Mengapa, ada bangsa asing di Maluku, buku-buku sejarah sudah jelas menjawabnya. Aroma rempah-rempah telah mangundang bangsa asing, dari Eropa seperti Belanda dan Portugis, mau datang ke Maluku. Anak kelas 6 SD di Indonesia tahu kalau zaman dahulu kala, Maluku adalah daerah penghasil rempah-rempah. Belanda kemudian sukses melakukan monopoli atas rempah-rempah itu dengan maskapai dagangnya Vereniging Oost-Indishe Compagnie (VOC). Setelah zaman tanam paksa, yang jauh sesudah VOC bangkrut, maka rempah-rempah meredup. Tanah Jawa dan sebagian Sumatra yang subur melahirkan banyak Onderneming (perkebunan) swasta yang sukses memenuhi kantong Pemerintah Kolonial Hindia Belanda yang bertahta di Batavia alias Jakarta. Begitu juga pertambangan di Sumatra dan Kalimantan, membuat pamor Indonesia Timur makin meredup.

Muncul kalimat, "Maluku masa lalu, Jawa masa kini, dan Sumatra masa depan" di kalangan orang petinggi dan pengusaha Belanda di Indonesia pada awal abad XX. Eksploitasi makin berkembang saja.

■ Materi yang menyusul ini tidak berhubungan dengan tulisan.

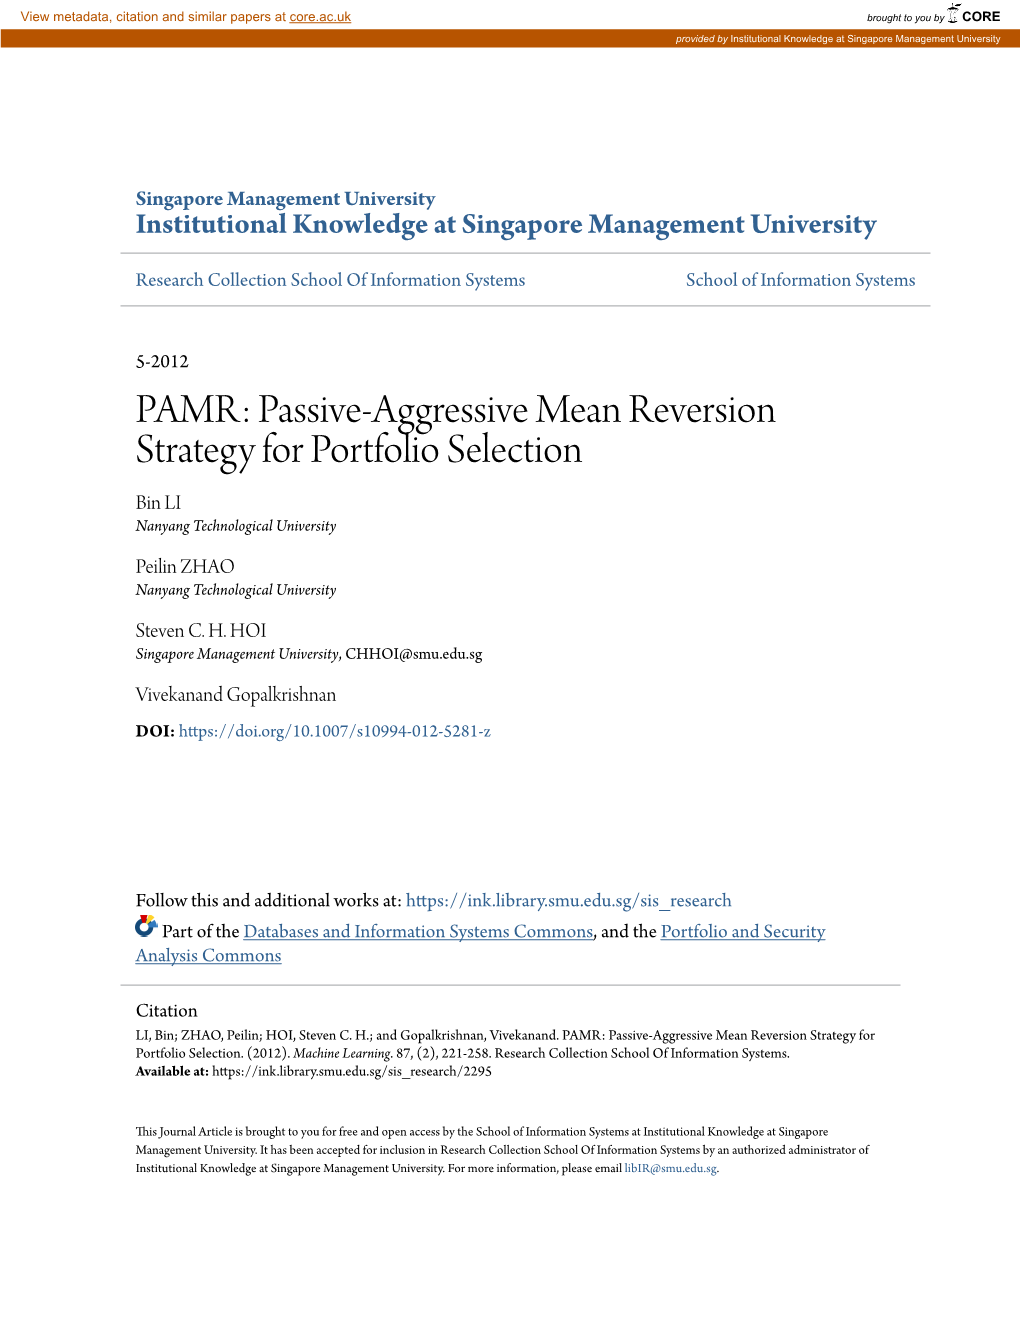 Passive-Aggressive Mean Reversion Strategy for Portfolio Selection Bin LI Nanyang Technological University

Zaman Revolusi, wilayah Sulawesi ke timur adalah wilayah Negara Indonesia Timur. Dimana banyak tokoh penting dari Sulawesi, Maluku dan Bali menjadi petinggi Negara--yang katanya Negara boneka Hubertus Van Mook itu. Negara Indonesia timur ini tidak banyak yang menginginkannya. Lalu Republik Indonesia yang Jawasentris mengambil alihnya pasca Pengembalian Kedaulatan Desember 1949.

Zaman Indonesia merdeka, Indonesia timur adalah daerah tertinggal. Dimana pemerintah pusat di Jawa terkesan hanya memperhatikan daerah Indonesia barat saja. Indonesia Timur terlupakan dan semakin jauh tertinggal. Memang banyak fasilitas pendidikan seperti sekolah dan Universitas namun kualitasnya jauh tertinggal. Sirkulasi buku-buku bacaan tentu akan sangat kalah jauh dengan di Jawa. Seorang kawan dari sana, jika berada di Yogyakarta--yang katanya gudang buku murah--tentu akan memborong banyak buku. Seorang Om dari kawan saya yang menjadi petinggi sebuah sekolah di Flores bilang, minat baca anak-anak disana tinggi, sayang buku-buku bacaan sangat kurang sekali. Sirkulasi buku di Indonesia timur harus ditingkatkan untuk mempercepat pembangunan pendidikan disana. Paradigma masyarakat yang beranggapan bahwa buku barang mewah dan tidak perlu harus segera dihilangkan dengan sirkulasi buku yang baik.

Pemerataan adalah hal tersulit di Indonesia. Pembangunan seolah milik Indonesia bagian barat saja. Selalu ada kata orang-orang Indonesia Timur belum siap mental dan sebagainya. Bagaimana mau siap? Jika pendidikan masih jauh tertinggal dengan jawab. Setiap perasaan tidak puas mereka untuk melepaskan diri, akan selalu ditimpali dengan kata "Tidak Nasionalis." Orang pusat mungkin cuma mengerti kata tidak NAsionalis tapi tidak mengerti arti kata "berbagi." Tentu saja Indonesia tidak ingin terpecah lagi. Kasus Timor-Timur yang sudah jadi Timor Leste adalah pembelajaran. Orang-orang Indonesia umumnya tidak ingin Papua lepas dan Republik Maluku Selatan bangkit lagi. Gerakan Papua Merdeka dan Neo RMS tentu bisa tumbuh berkembang di Indonesia Timur jika pembangunan pendidikan disana jauh tertinggal. Pendidikan, perekonomian dan pemerataan yang lebih baik tentu akan membuat orang Indonesia Timur merasa mereka bagian dari Republik Indonesia.

Saya sering mendengar adanya percepatan pembangunan untuk Indonesia Timur. Sayangnya saya tidak tahu, apakah itu terjadi atau tidak. Jika terjadi itu baik sekali, namun jika tidak jangan salahkan sekelompok orang Indonesia Timur yang berteriak minta merdeka. Hanya ada dua pilihan sekarang untuk Indonesia Timur, "Percepatan pembangunan atau Merdeka!"